Nur in diesen Fällen ist die Insolvenz in Eigenverwaltung möglich

Insolvenz: Mit der Eigenverwaltung behalten Betroffene die Kontrolle über das Vermögen.
Insolvenz: Mit der Eigenverwaltung behalten Betroffene die Kontrolle über das Vermögen.

Betroffene erhoffen sich durch die Insolvenz in Eigenverwaltung noch die Sanierung des Unternehmens. Ohne weiteres steht dieser Weg aber nicht jedem offen. Zunächst sei gesagt, dass diese Art des Insolvenzverfahrens nicht bei der Verbraucherinsolvenz infrage kommt.
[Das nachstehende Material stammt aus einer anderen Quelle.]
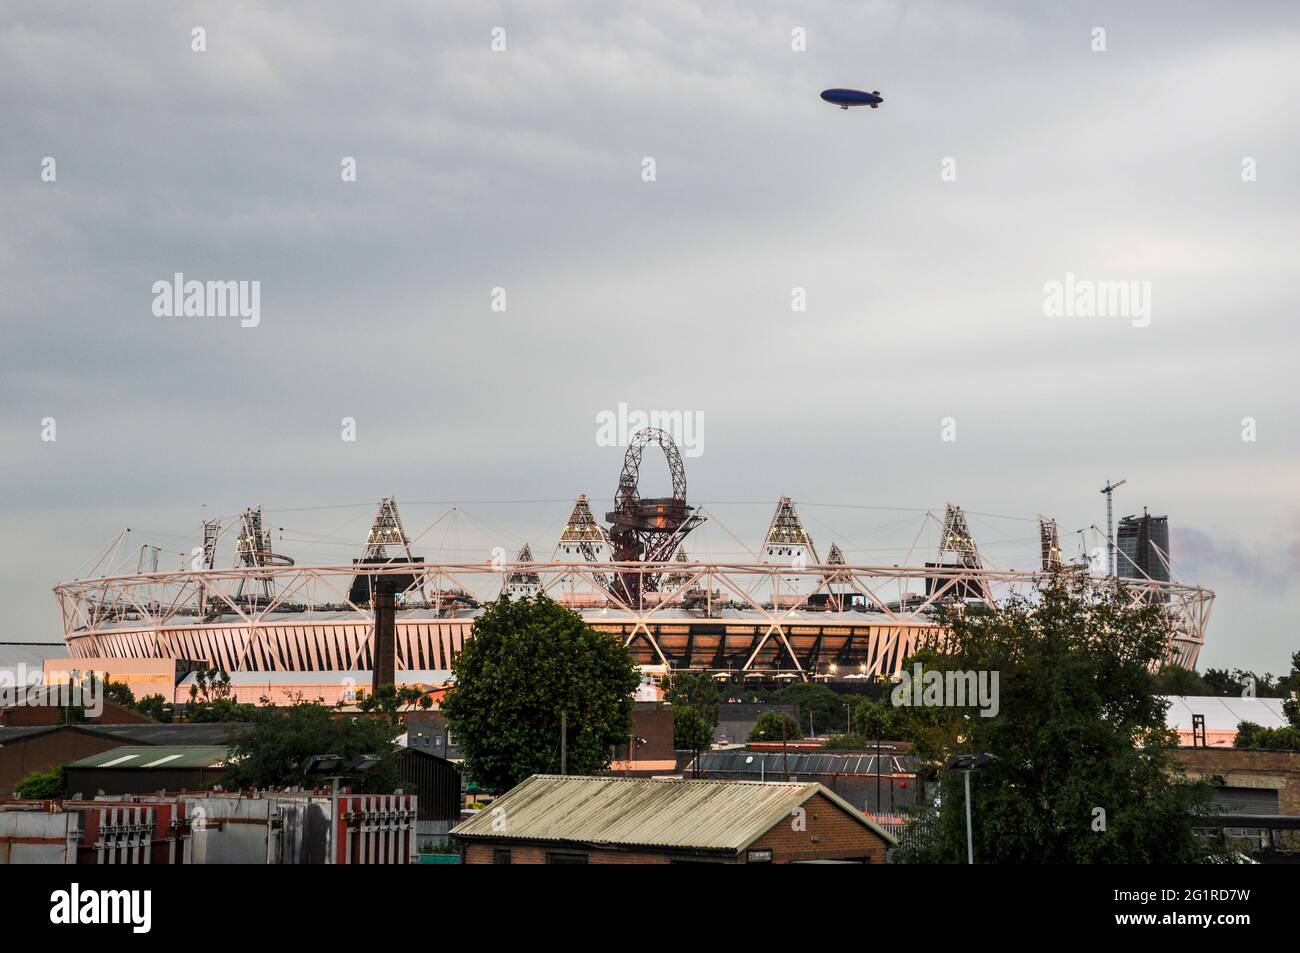 Goodyear Blimp filmant à la télévision au-dessus du stade olympique pour la cérémonie d'ouverture des Jeux Olympiques de Londres 2012. Jeux d'été nouveau stade Banque D'Images

Normalerweise wird bei einer Insolvenz ein Insolvenzverwalter mit der Verwaltung und Verwertung des Vermögens beauftragt. Der Schuldner kann nicht mehr selbst über sein Vermögen (oder im Falle einer Unternehmensinsolvenz über das der Firma) verfügen.

Bei einem Insolvenzplanverfahren in Eigenverwaltung gibt es keinen Insolvenzverwalter, wohl aber einen Sachverwalter, der das Verfahren beaufsichtigt. Der Schuldner behält dabei die Befugnis, über das Vermögen zu verfügen.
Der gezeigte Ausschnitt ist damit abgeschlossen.